Granted that both domestic and international financial markets constrain governments to some degree, the critical question is how much. At this stage, the evidence is that financial markets have raised the cost of pursuing inflationary policies (or, if you prefer, encouraged the adoption of deflationary policies), but that their power to impose their policy preferences in other areas has been greatly overstated.
Oddly enough, having spent most of the book emphasising the rigidity of the golden straightjacket, Friedman ends by proclaiming himself a social democrat and advocating substantial government intervention, not merely to provide safety nets for the losers from globalization but to ensure equality of opportunity. Correctly enough, Friedman argues that without a social safety net the losers from globalization will eventually generate a backlash that will kill the entire process.

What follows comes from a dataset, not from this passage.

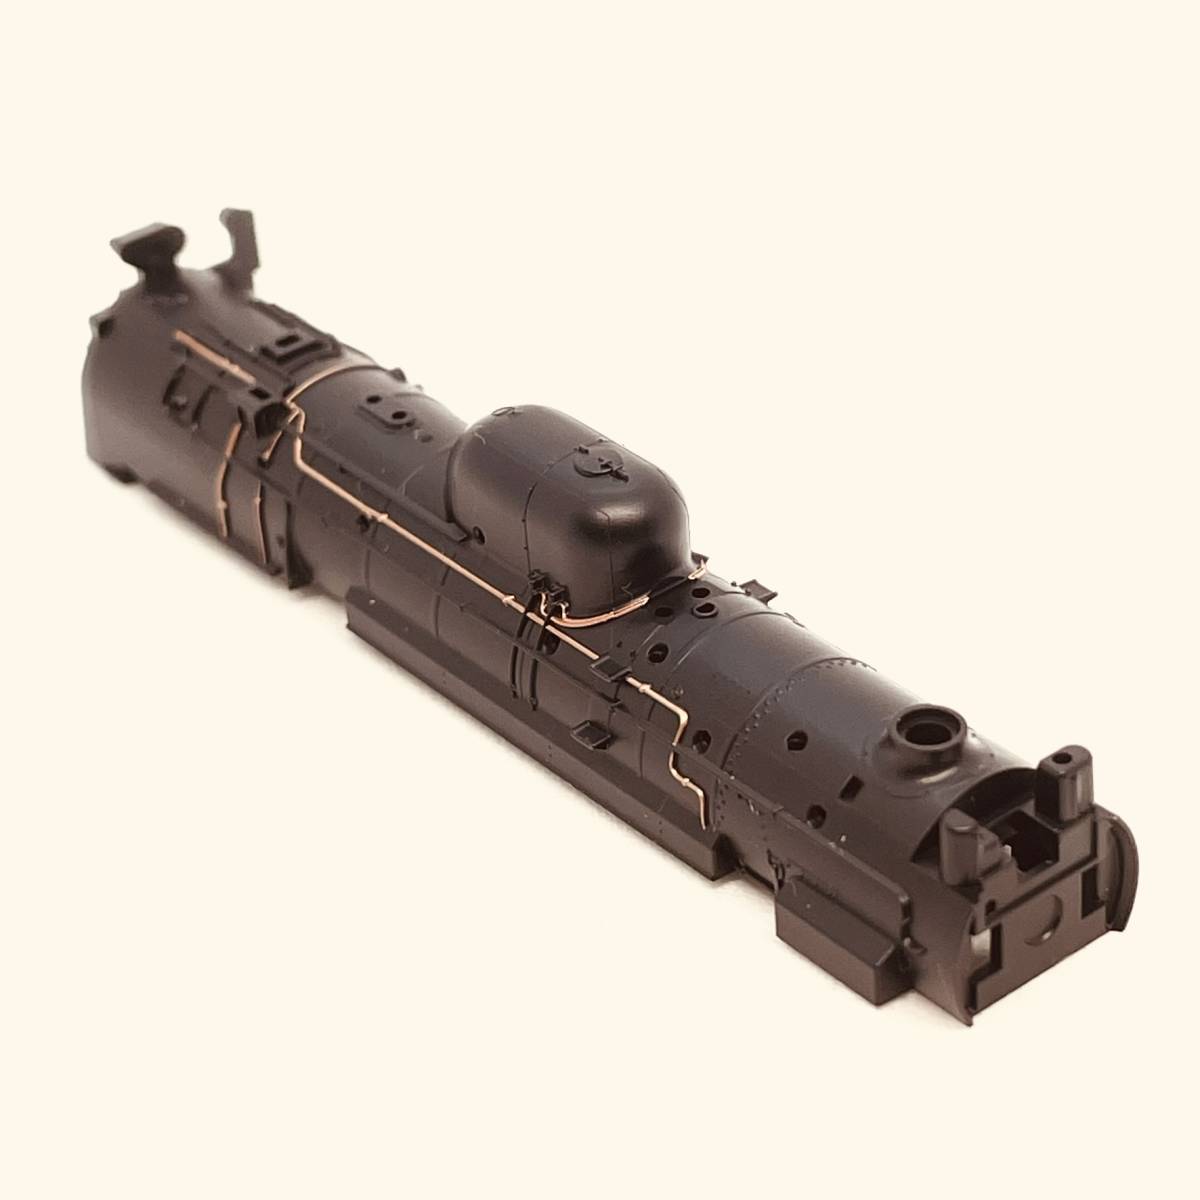 TOMIX C58 239用 ボイラー単体 1両分入り 2009 JR C58形蒸気機関車(239号機)からのバラシ_入札個数1でのお渡し内容です。

But the question of how the 'Electronic Herd', motivated solely by considerations of market value, is supposed to muster the enlightened self-interest to countenance such a policy is not broached. Experience so far suggests that there is no level of slash-and-burn welfare cutting too deep to win the approval of the markets. If they are as all-powerful as Friedman suggests, the prospects for the social safety-net are bleak.
Contradictions abound, then, but an essential feature of 'vogue' words is that they can encompass many contradictory elements. The result is that argument based on such words is almost impossible to refute. In the few months since the publication of Friedman's book, a surprising number of his claims and predictions have turned out to be erroneous, and yet the force of conviction that it carries is scarcely diminished.
Friedman (writing in February 1999) devotes quite a few pages to Compaq Computer and its CEO Eckhart Pfeiffer, whom he presents as the beau ideal of the fast-moving global entrepreneur. By April, Compaq was losing money and Pfeiffer was history. But that just shows how fast-moving the world of globalization really is.
More seriously, Friedman presents his 'Golden Arches' theory of conflict prevention - that no two countries rich and market-oriented enough to possess a MacDonalds outlet will ever fight a war. Once again, February's prediction was invalidated by April, when CNN could film MacDonalds customers in Serbia surveying the damage from NATO bombers whose crews were doubtless munching on Big Macs as they approached their targets. But of course, Friedman can invoke the 'olive tree' part of his thesis, to explain this lapse - the Serbs and the Kosovars both wanted to plant their olive trees in the same place.
Finally, almost every reviewer of the book has noted Friedman's relentless name-dropping and self-reference. On every second page, the reader is treated to 'As I observed to Prince X ..' or 'As Prime Minister Y confided in me ...' But history is always written by the winners, and theories of history, in most cases, are simply explanations of why one group or another (the Prussian State, the British Empire, the working class or whoever) will inevitably triumph. Globalization is all about the triumph of an elite that transcends national boundaries, its members moving around the world with the same ease with which they transfer information and capital. Friedman's transparent self-identification with that elite simply reinforces his message.